> Source data

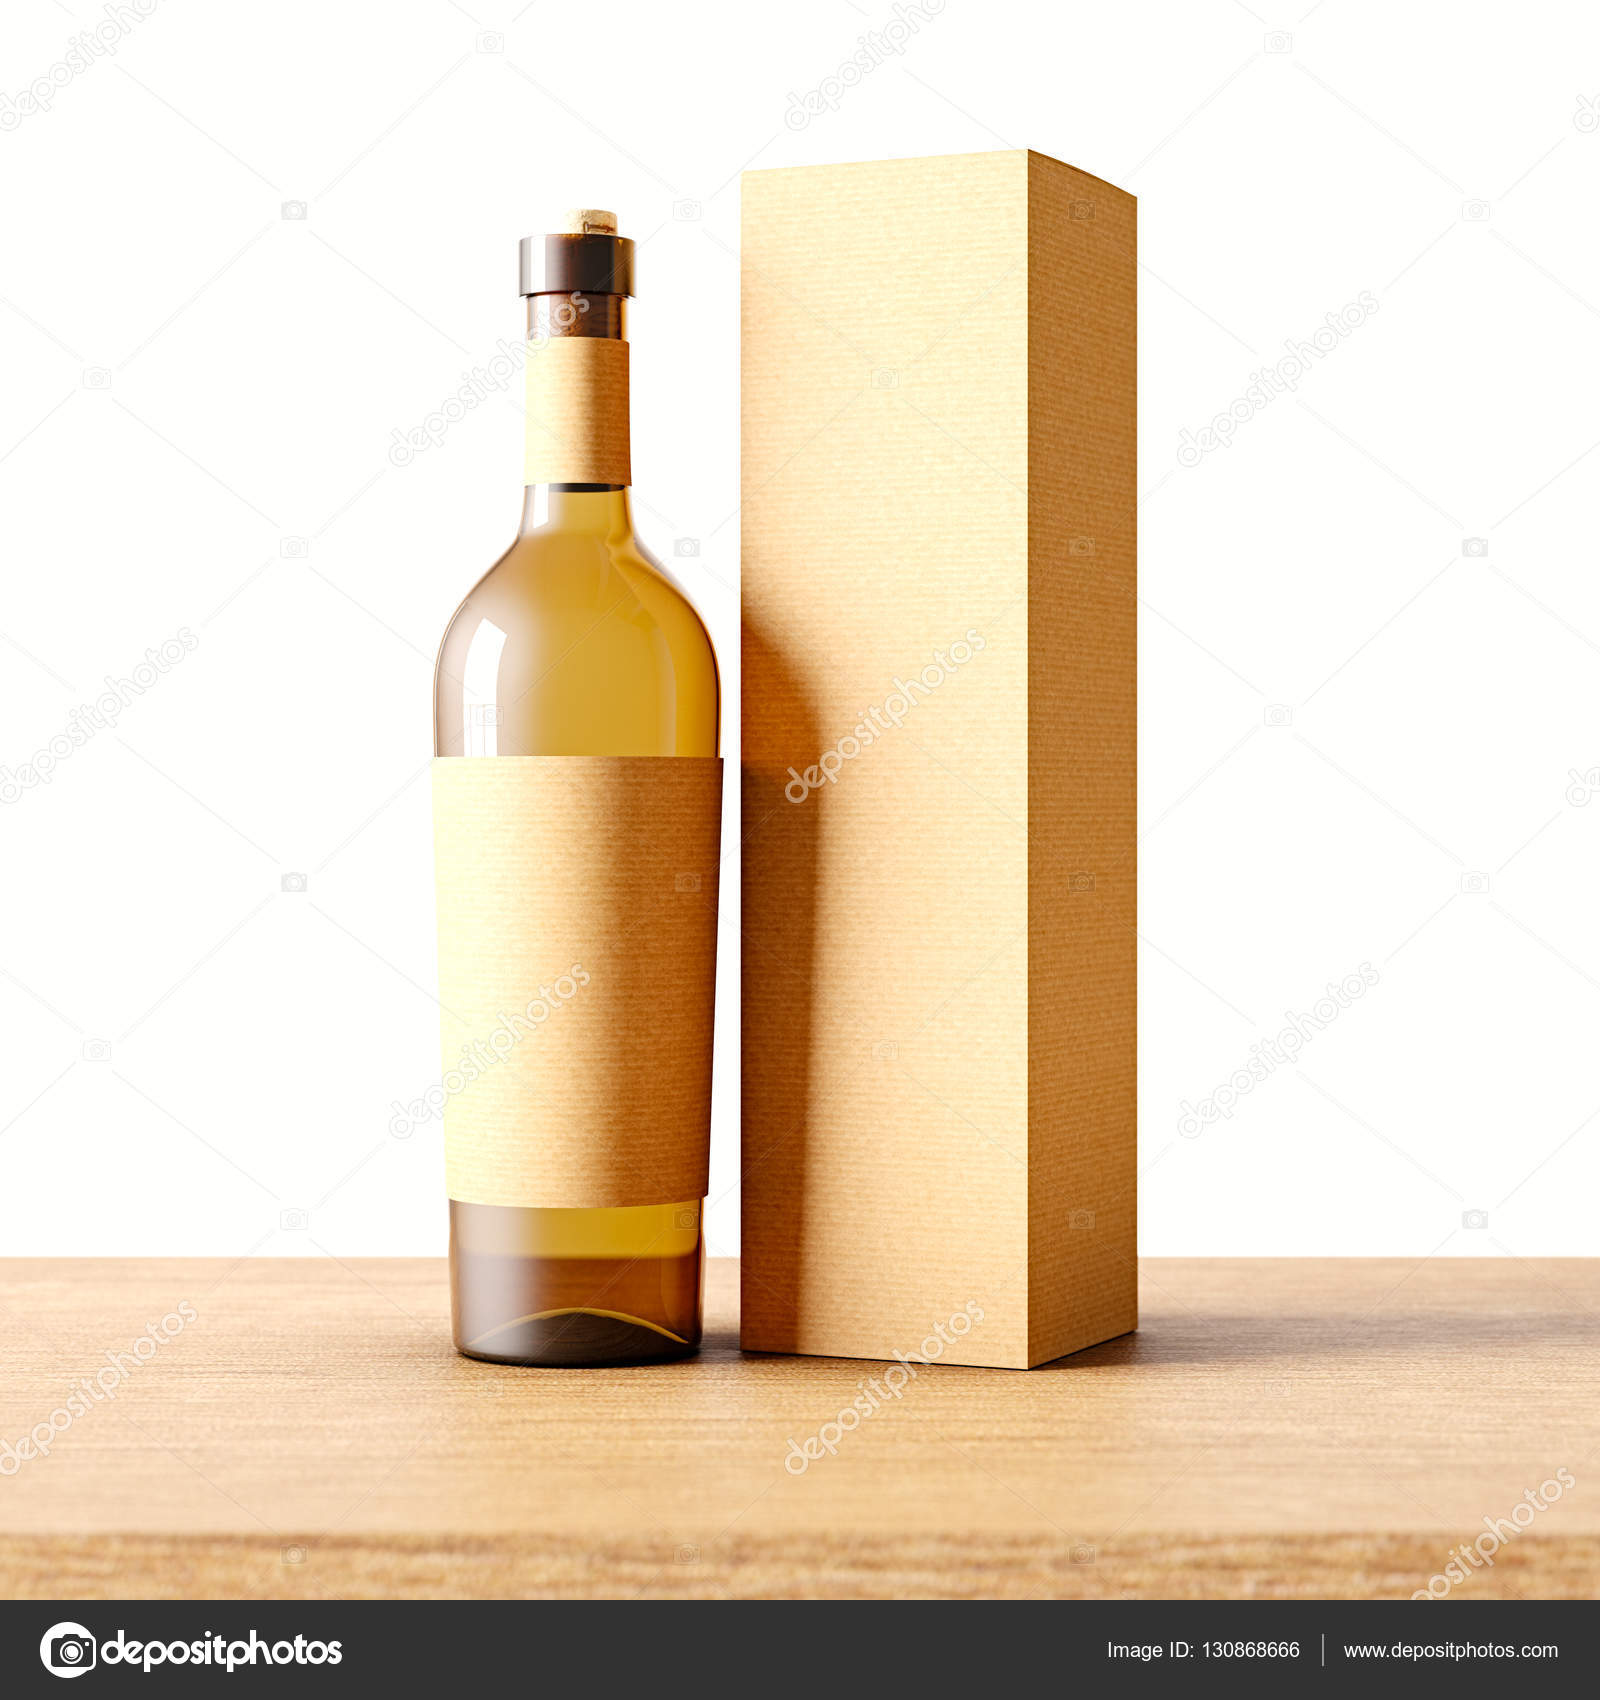 Download Closeup One Transparent Glass Bottle Of Wine On The Wooden Desk White Wall Background Empty Glassy Container Concept With Craft Mockup Label And Carton Paper Bag For Bottles 3d Rendering Stock Photo Image
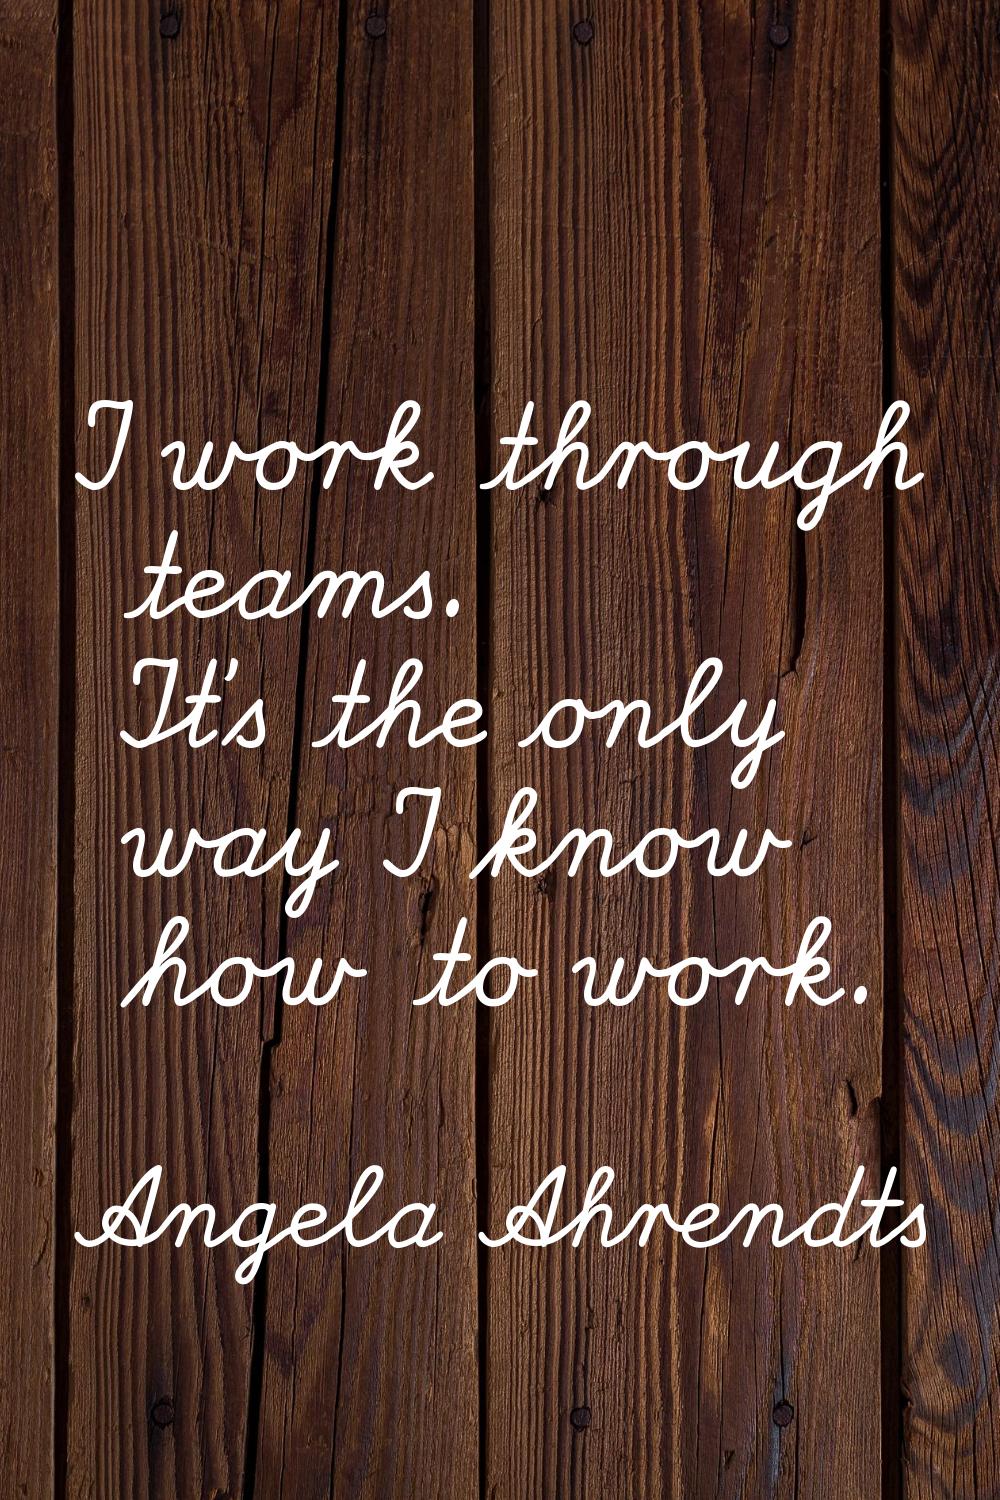 I work through teams. It's the only way I know how to work.
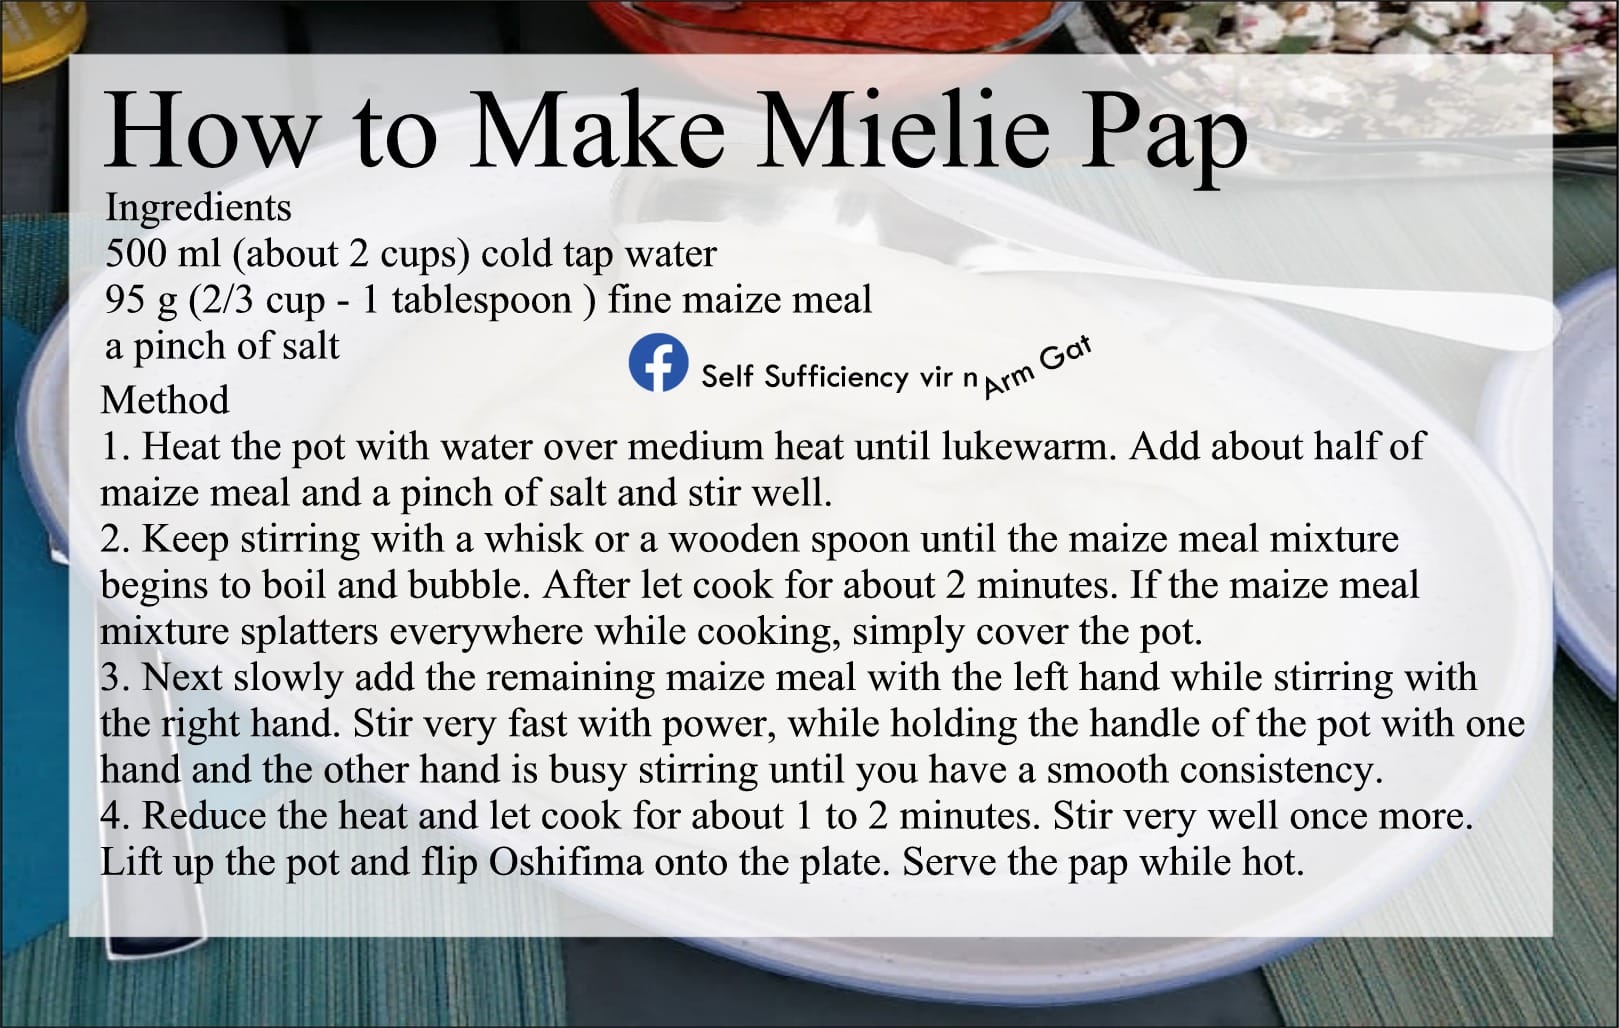 How to Make Mielie Pap

> Action item
At the line containing "I work through", start reproducing exactly, and stop after the last line of the listing; include both ends, and leave the pictures out.

> Task response
 I work through teams. It's the only way I know how to work.
 How to Make Mielie Pap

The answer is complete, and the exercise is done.